Task statement: Repeat exactly the lines of the material below that run from the "Be like Rick Astley" line to the "236/ CARTE DE" line, including both, and do not carry over any pictures.

Information shown:
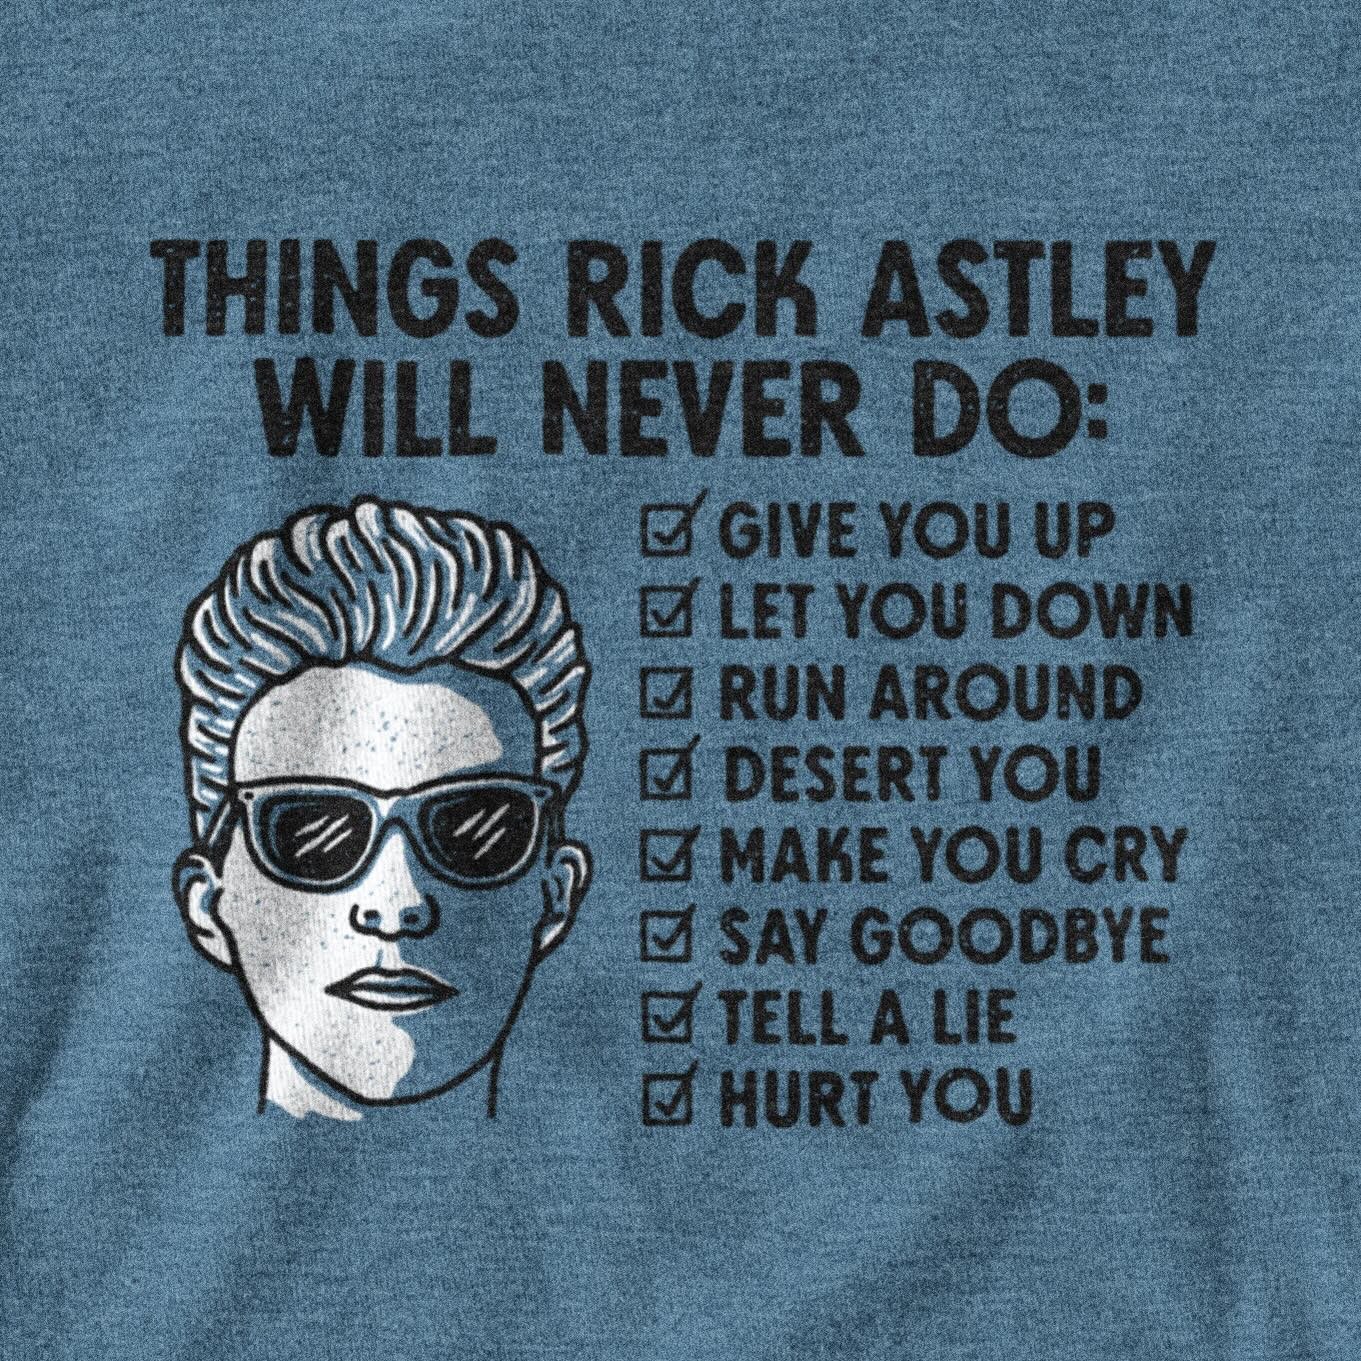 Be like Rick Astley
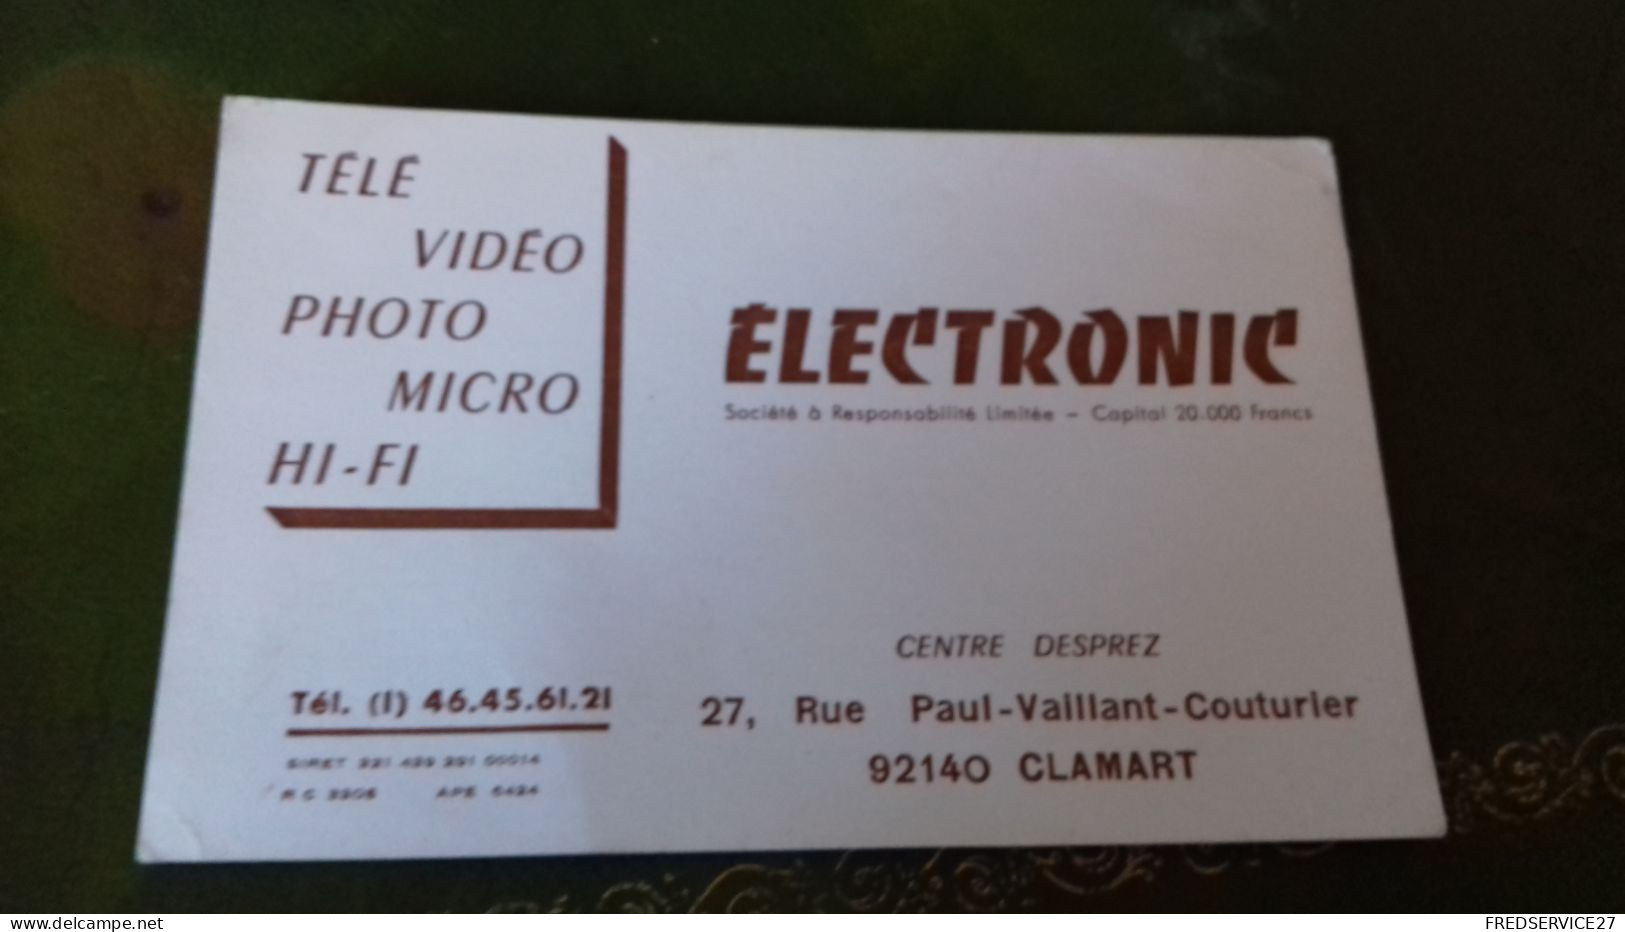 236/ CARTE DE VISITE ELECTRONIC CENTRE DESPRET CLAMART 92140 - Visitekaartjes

...

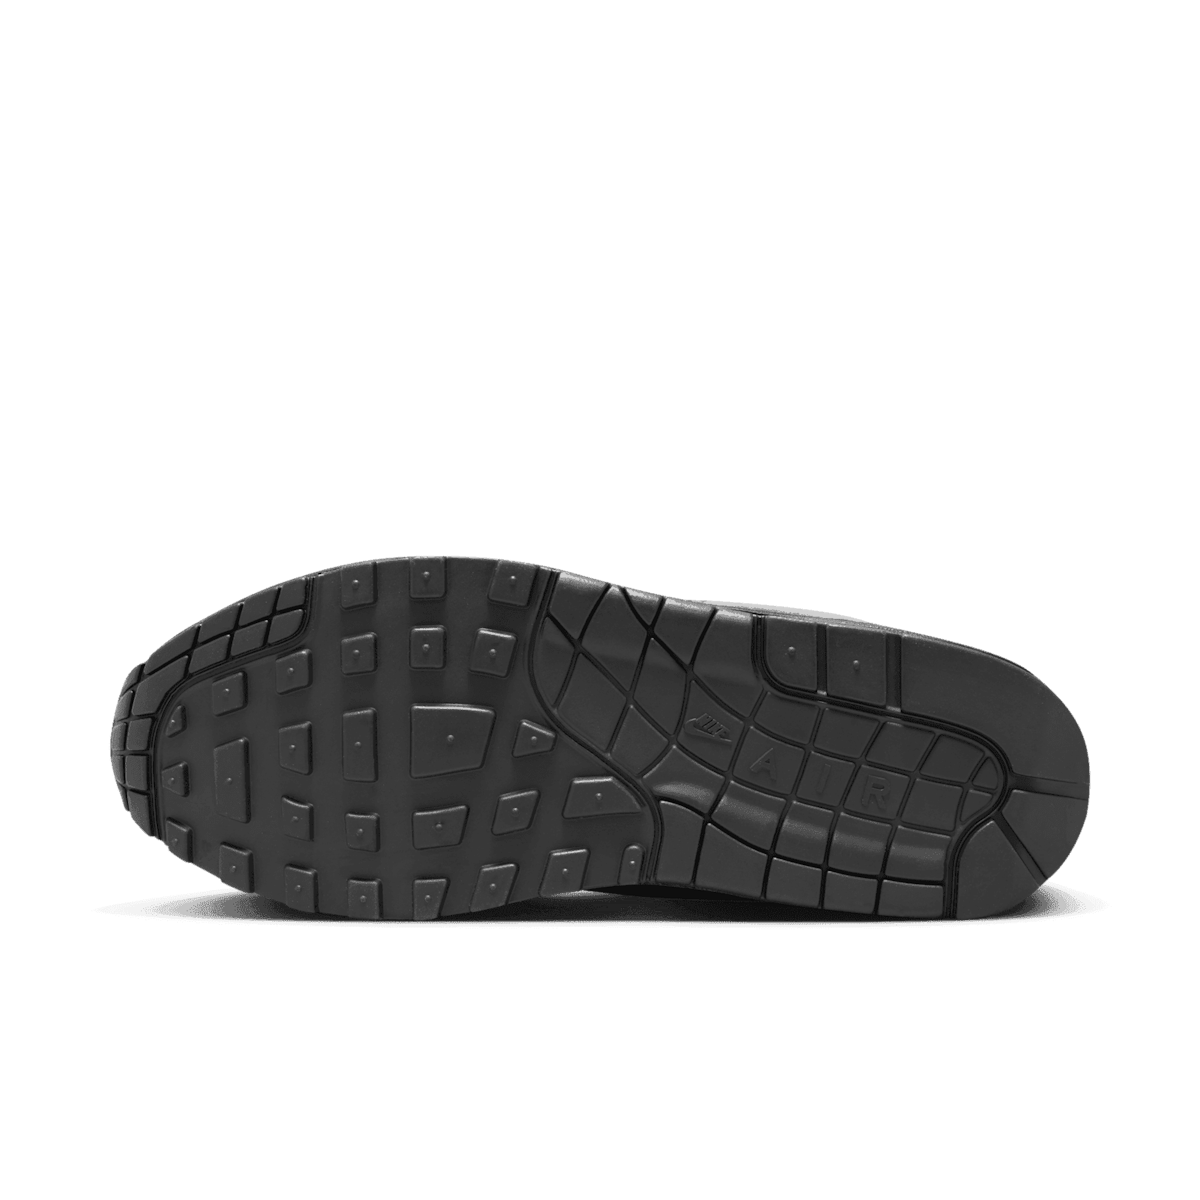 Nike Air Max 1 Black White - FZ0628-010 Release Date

Answer:
 Be like Rick Astley
 236/ CARTE DE VISITE ELECTRONIC CENTRE DESPRET CLAMART 92140 - Visitekaartjes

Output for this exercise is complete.